Given records ▸
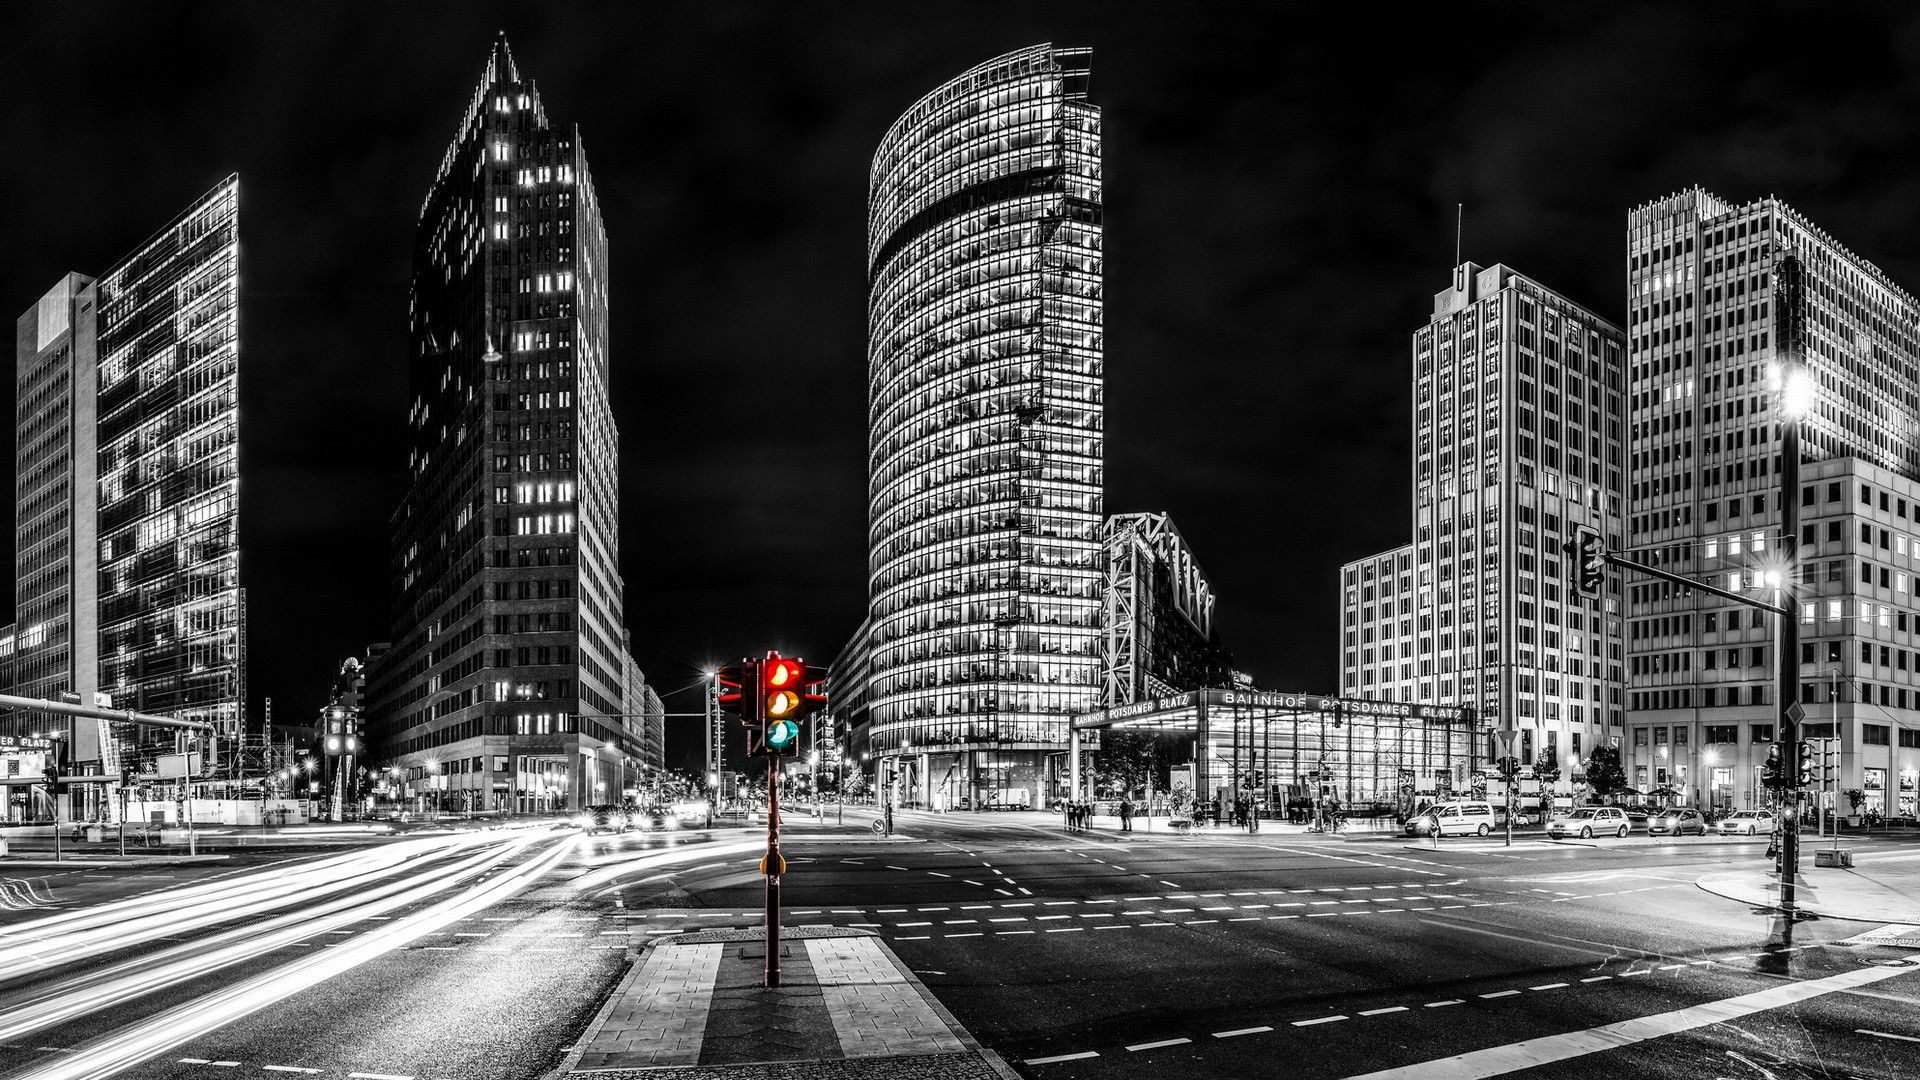 دانلود عکس شهر با ساختمان های بلند و نورانی در شب
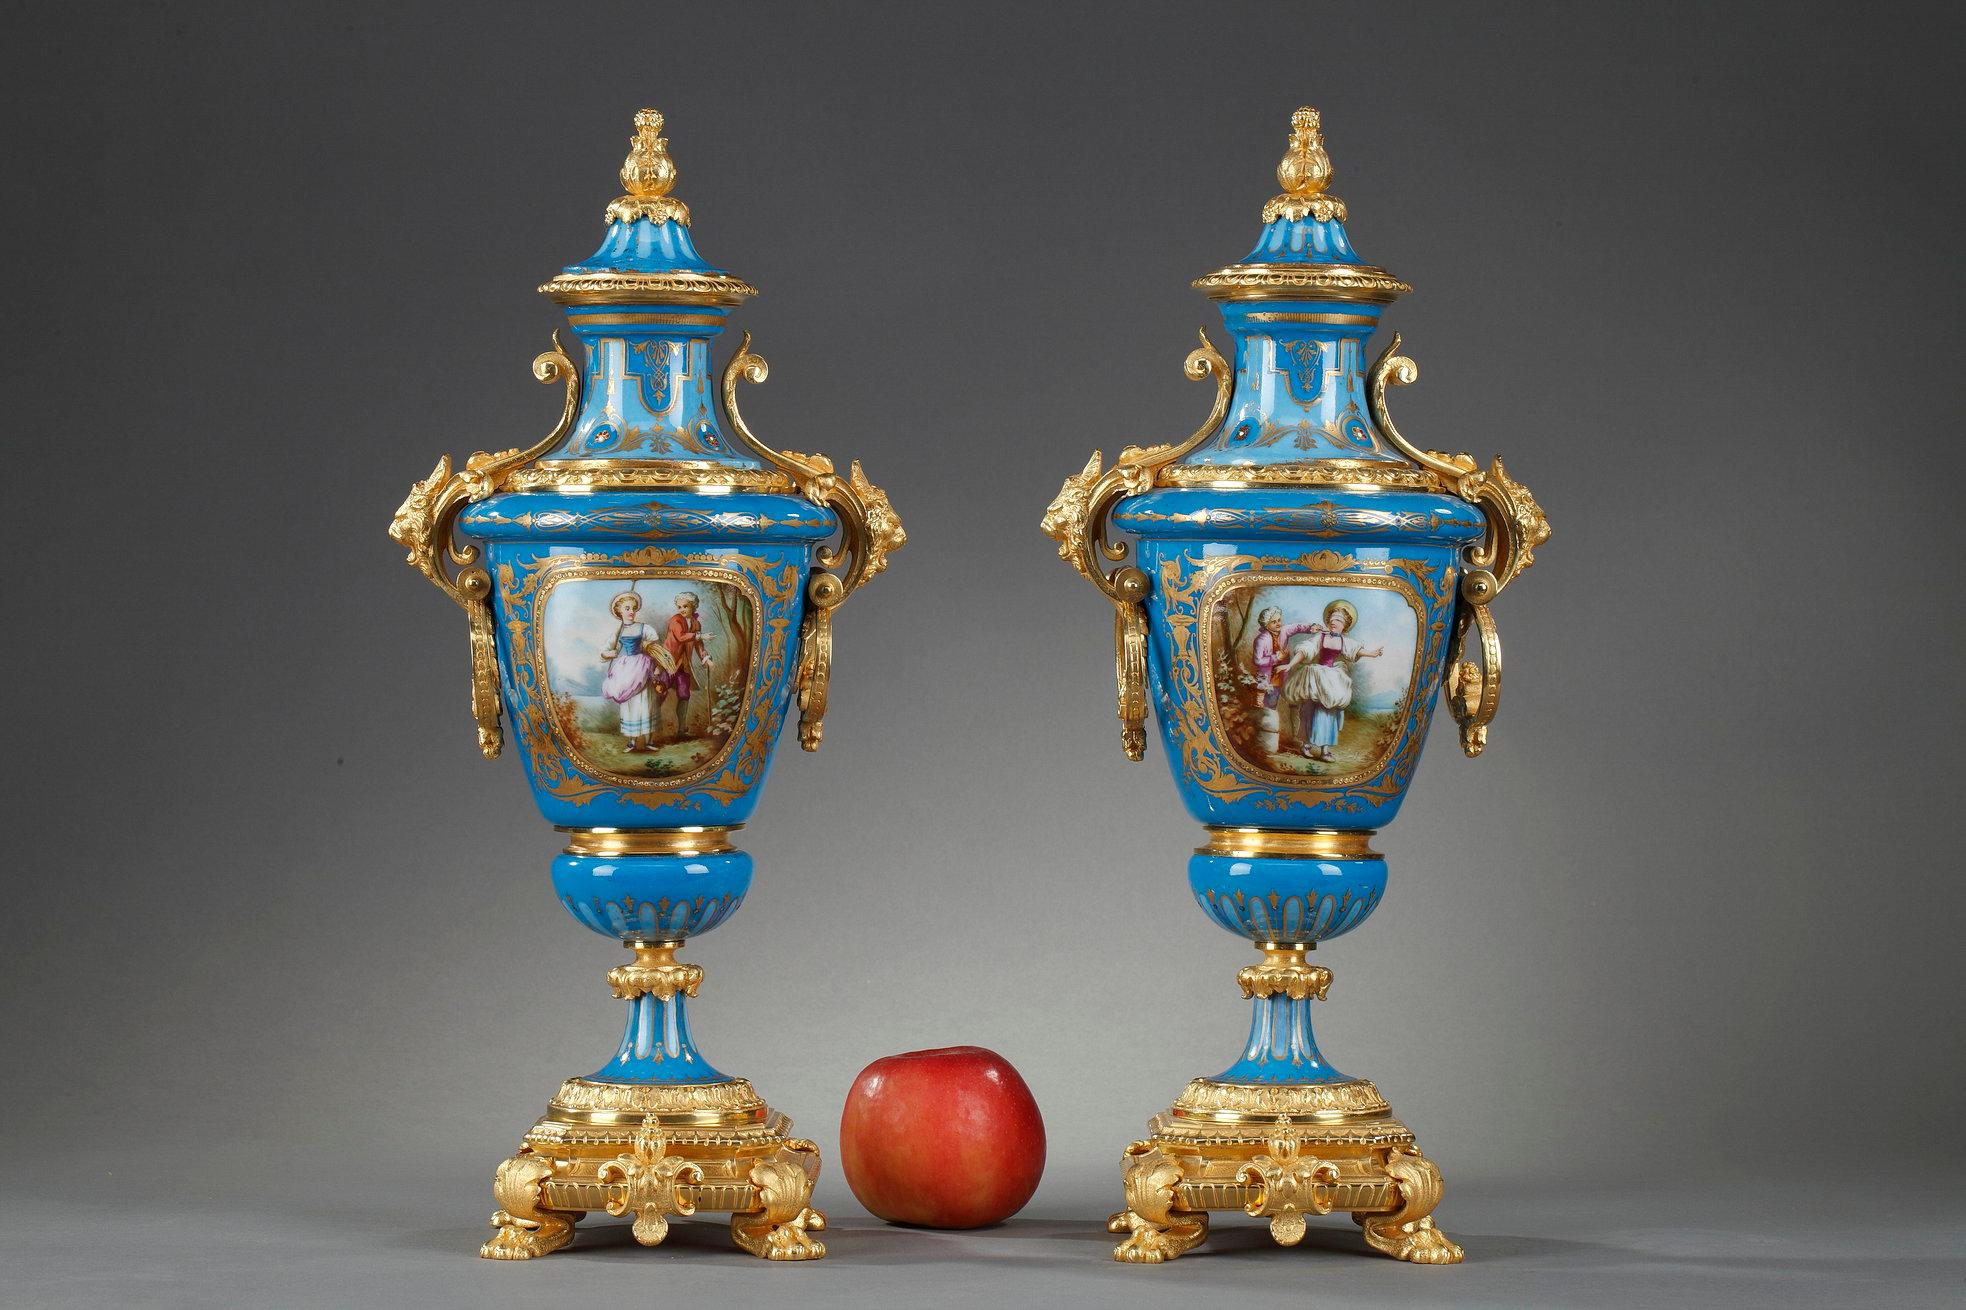 Paar überzogene polychrome Porzellanvasen im Stil von Sèvres mit vergoldeten Bronzebeschlägen. 

Die Basis steht auf vier Klauenfüßen und Kartuschen in Form von geschnittenem Leder, das mit Muscheln verziert ist. Die Griffe aus vergoldeter Bronze
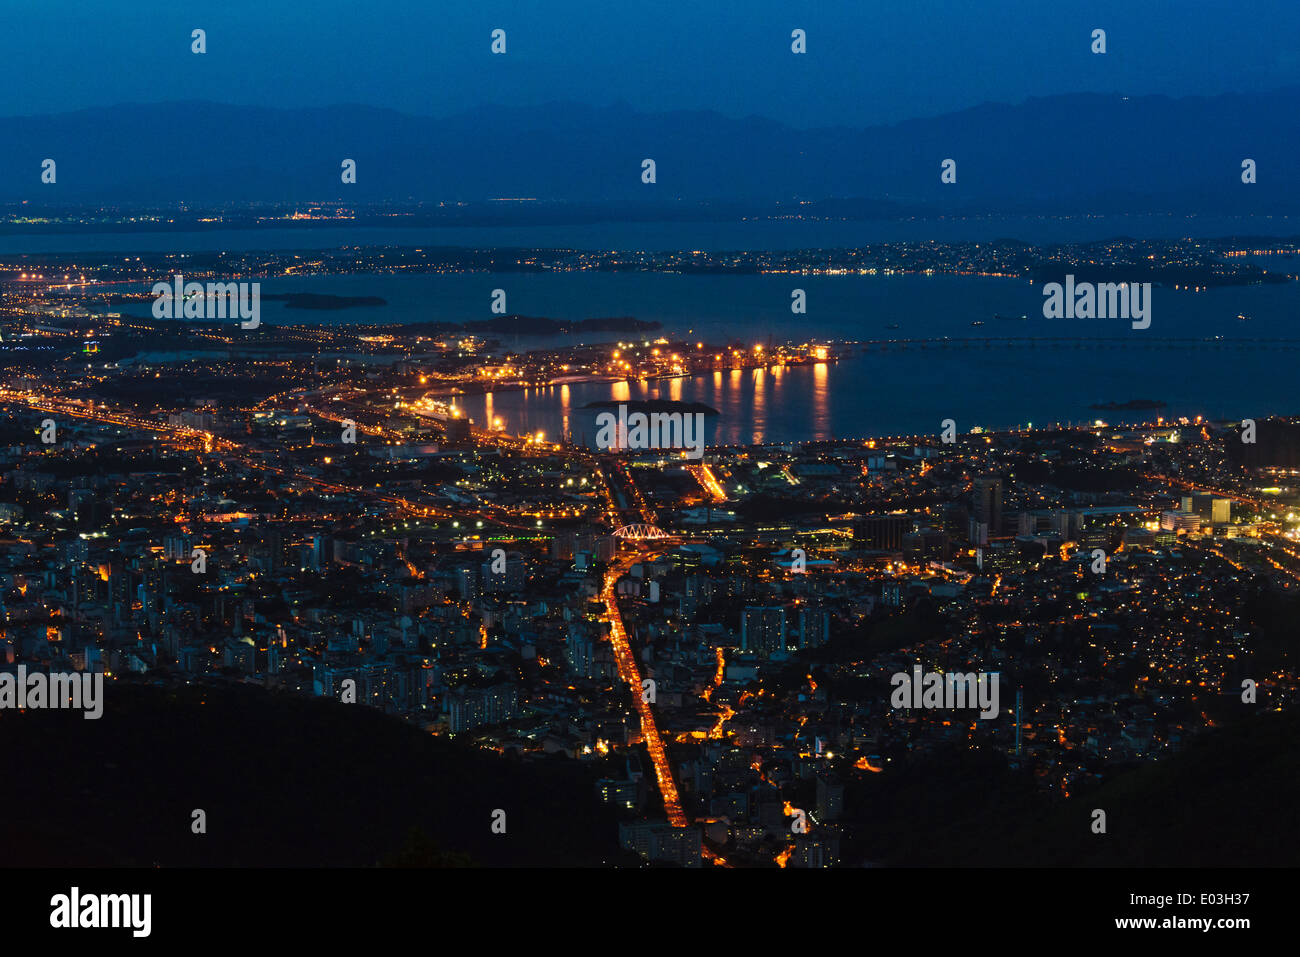 Cityscape in Botafogo Bay at night, Rio de Janeiro, Brazil Stock Photo
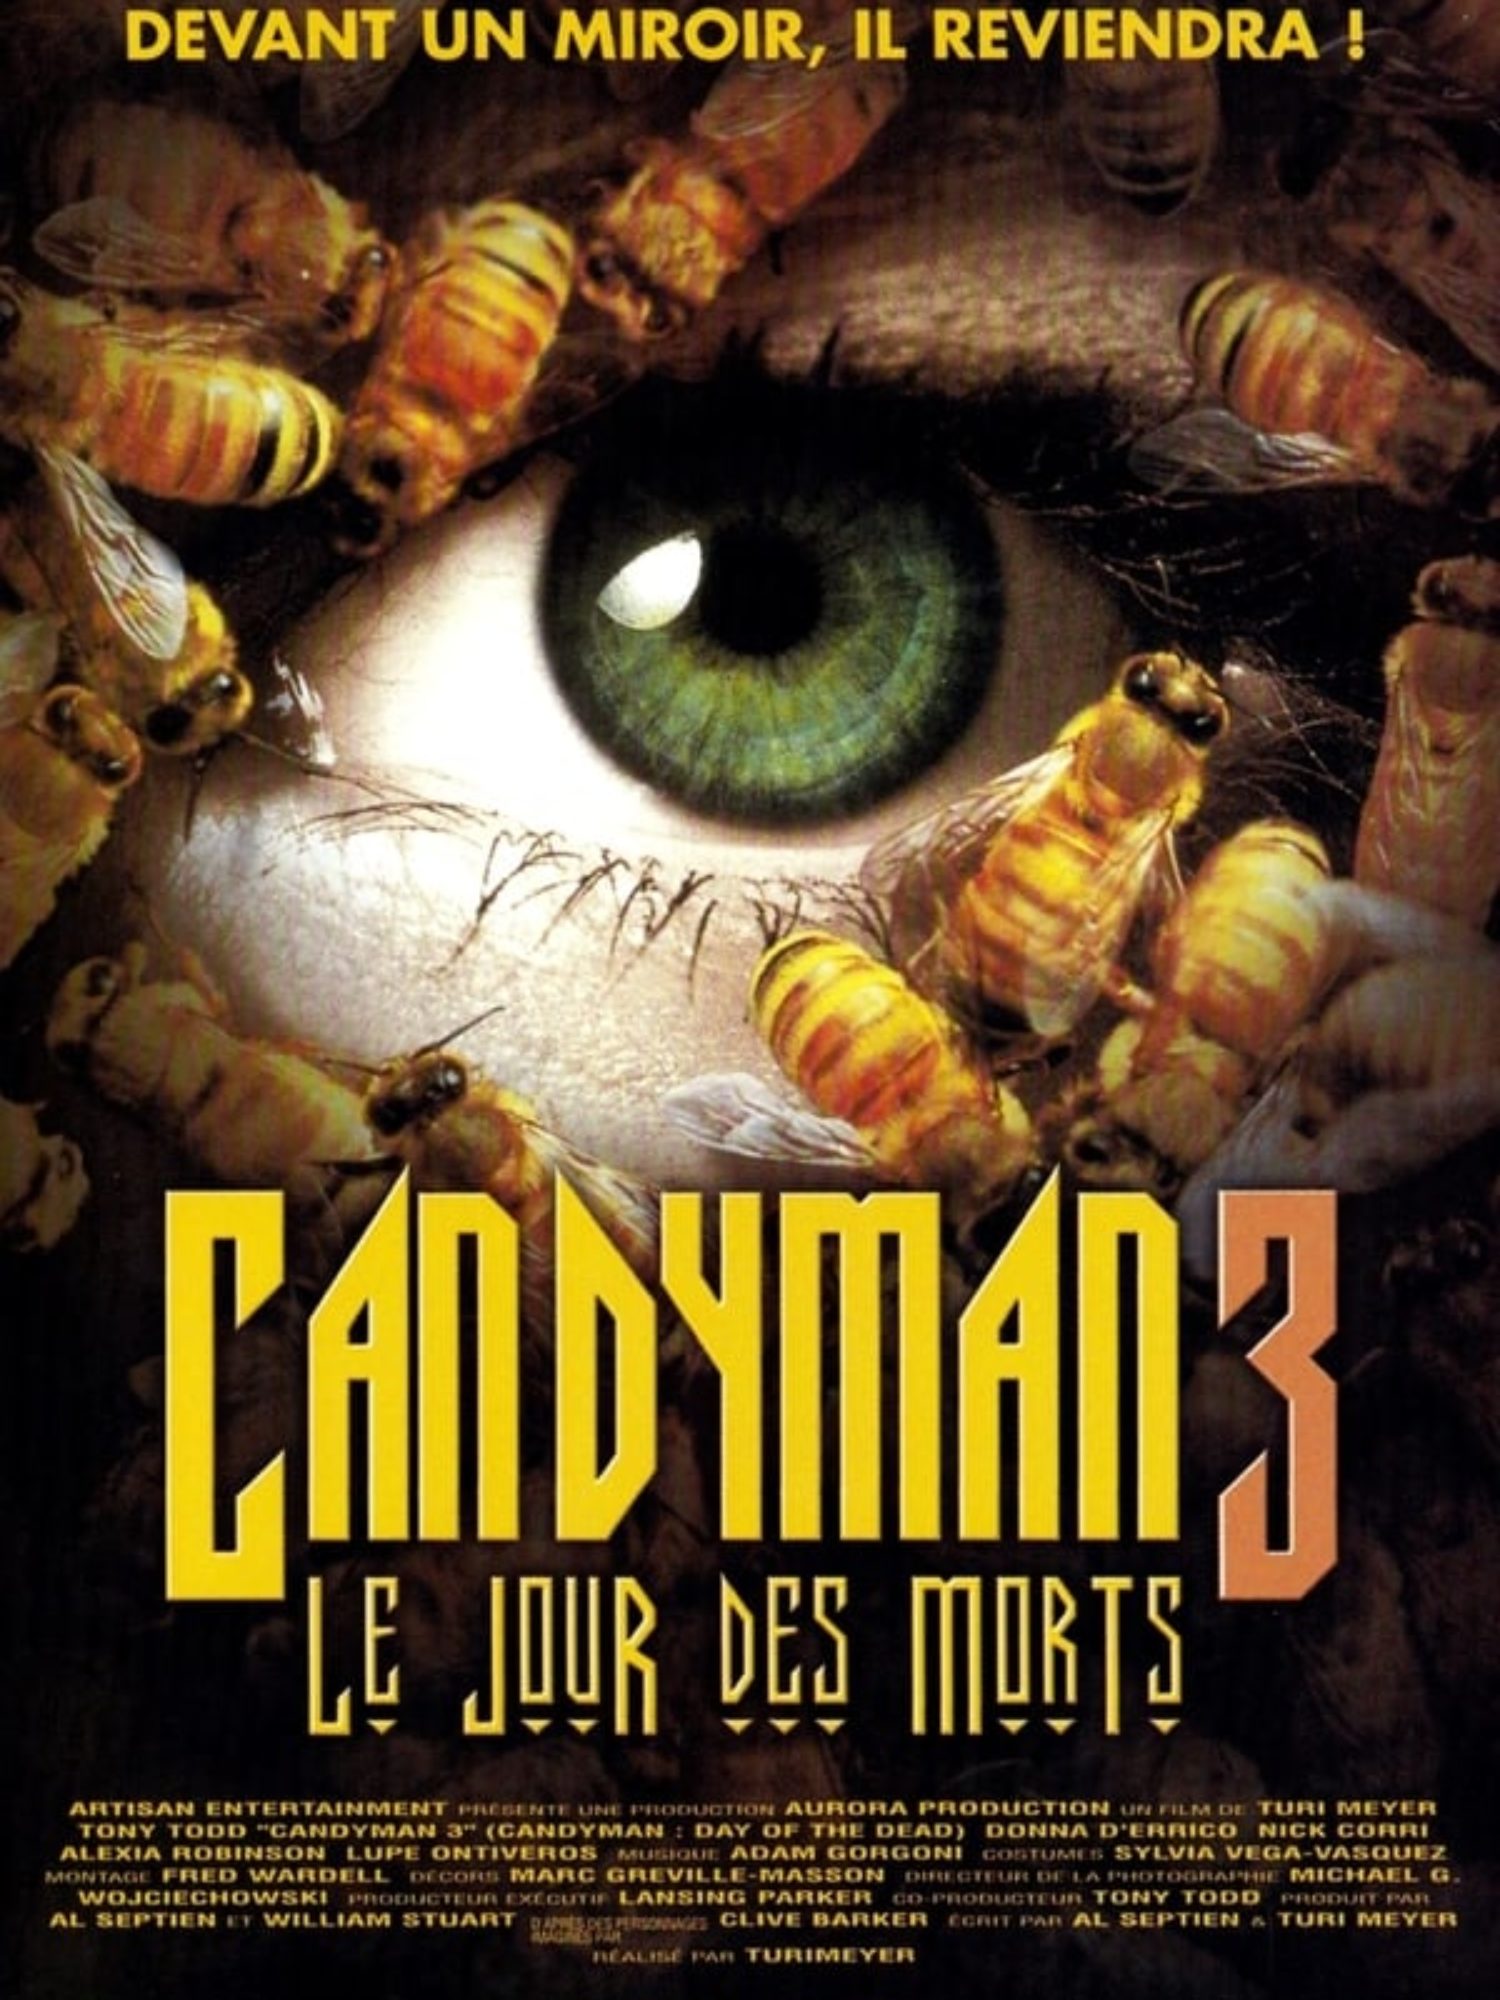 Candyman 3 – Le jour des morts

Aim of the task ▸ Return the listing exactly as it appears, excluding any image.

Solution to this problem ▸
 دانلود عکس شهر با ساختمان های بلند و نورانی در شب
 Paar überzogene polychrome Porzellanvasen im Stil von Sèvres mit vergoldeten Bronzebeschlägen. 

Die Basis steht auf vier Klauenfüßen und Kartuschen in Form von geschnittenem Leder, das mit Muscheln verziert ist. Die Griffe aus vergoldeter Bronze
 Cityscape in Botafogo Bay at night, Rio de Janeiro, Brazil Stock Photo
 Candyman 3 – Le jour des morts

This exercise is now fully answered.